Scoop - Freihältebedürfnis goes to the ECJTuesday, 27 February 2007
The IPKat has just heard from his good friend Gino van Roeyen BANNING that the dispute between Adidas and H&M, which has been keenly fought out before the Dutch Hoge Raad (Supreme Court), is going to the European Court of Justice for a preliminary reference of three questions:
- To establish the scope of protection of a trade mark consisting of a sign that has no distinctive character ab initio or an indication that meets the definition in Article 3(1)(c) of Council Directive 89/104 on the approximation of the trade mark law of member states, but where that sign/indication has acquired distinctiveness through use and has been registered, should consideration be given to the general interest that the availability of certain signs be not unjustifiably restricted for other market parties who offer the particular goods or services (Freihältebedürfnis)? [sorry about the English - this is a mixture of Gino's English and Jeremy's editing]

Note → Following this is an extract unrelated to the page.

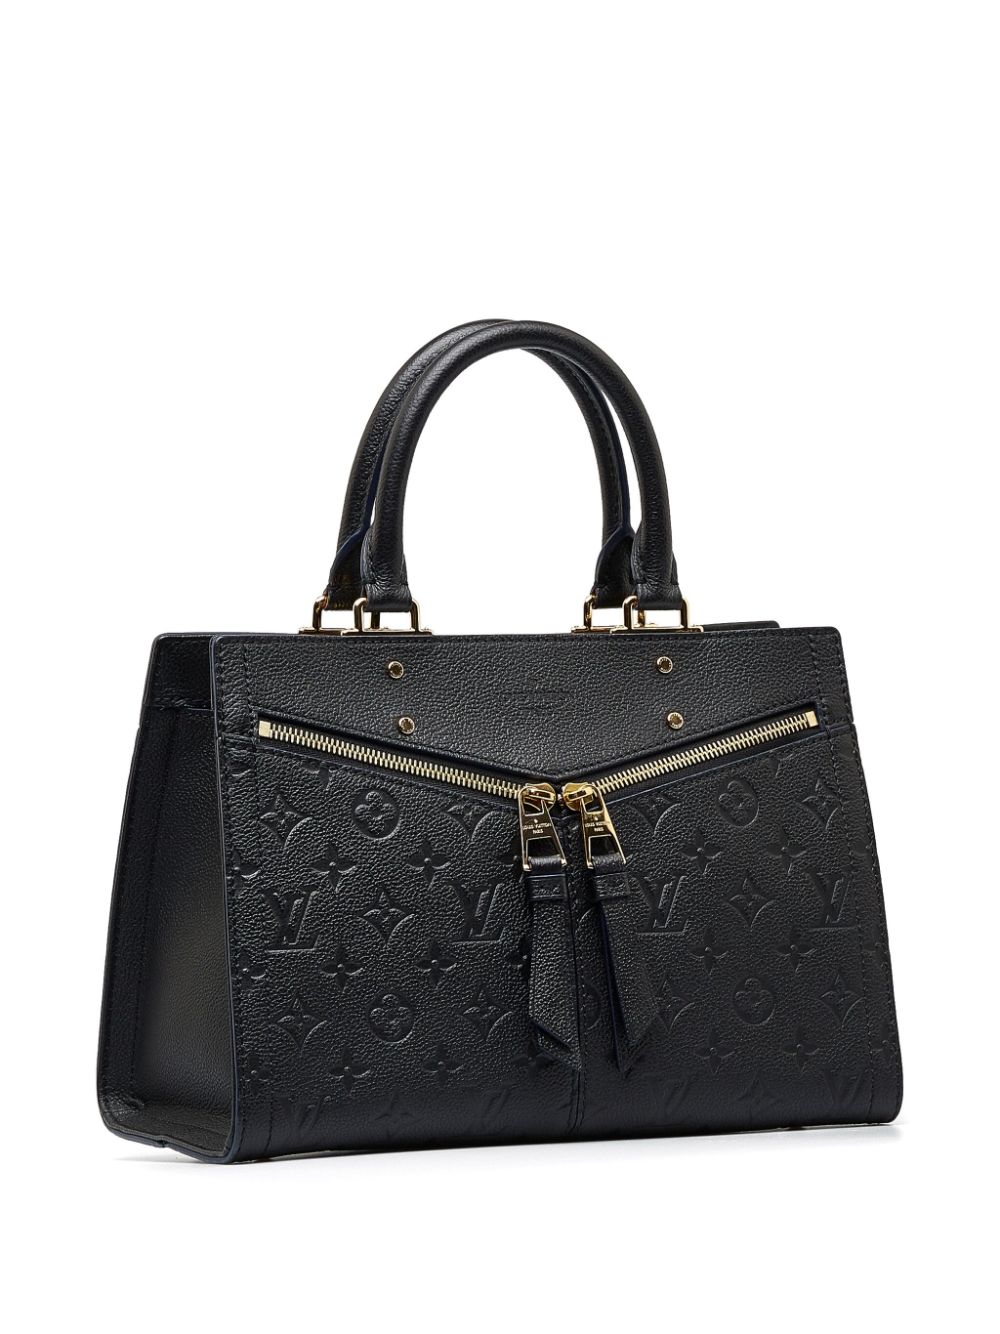 Louis Vuitton Sully PM Monogram Shoulder Bag - Farfetch

- If the answer to Question 1 is "yes", does it make a difference if the relevant public observes those signs as signs to distinguish goods, or as mere embelishment of the goods?
- If the answer to Question 1 is "yes", does it make a difference if the sign that the trade mark owner attacks is devoid of distinctive character as meant in Article 3(1)(b) of the Directive, or as an indication as meant by Article 3(1)(c) of the Directive.
Willem Hoyng (Howrey) and Gino van Roeyen (BANNING) defended the case for H&M.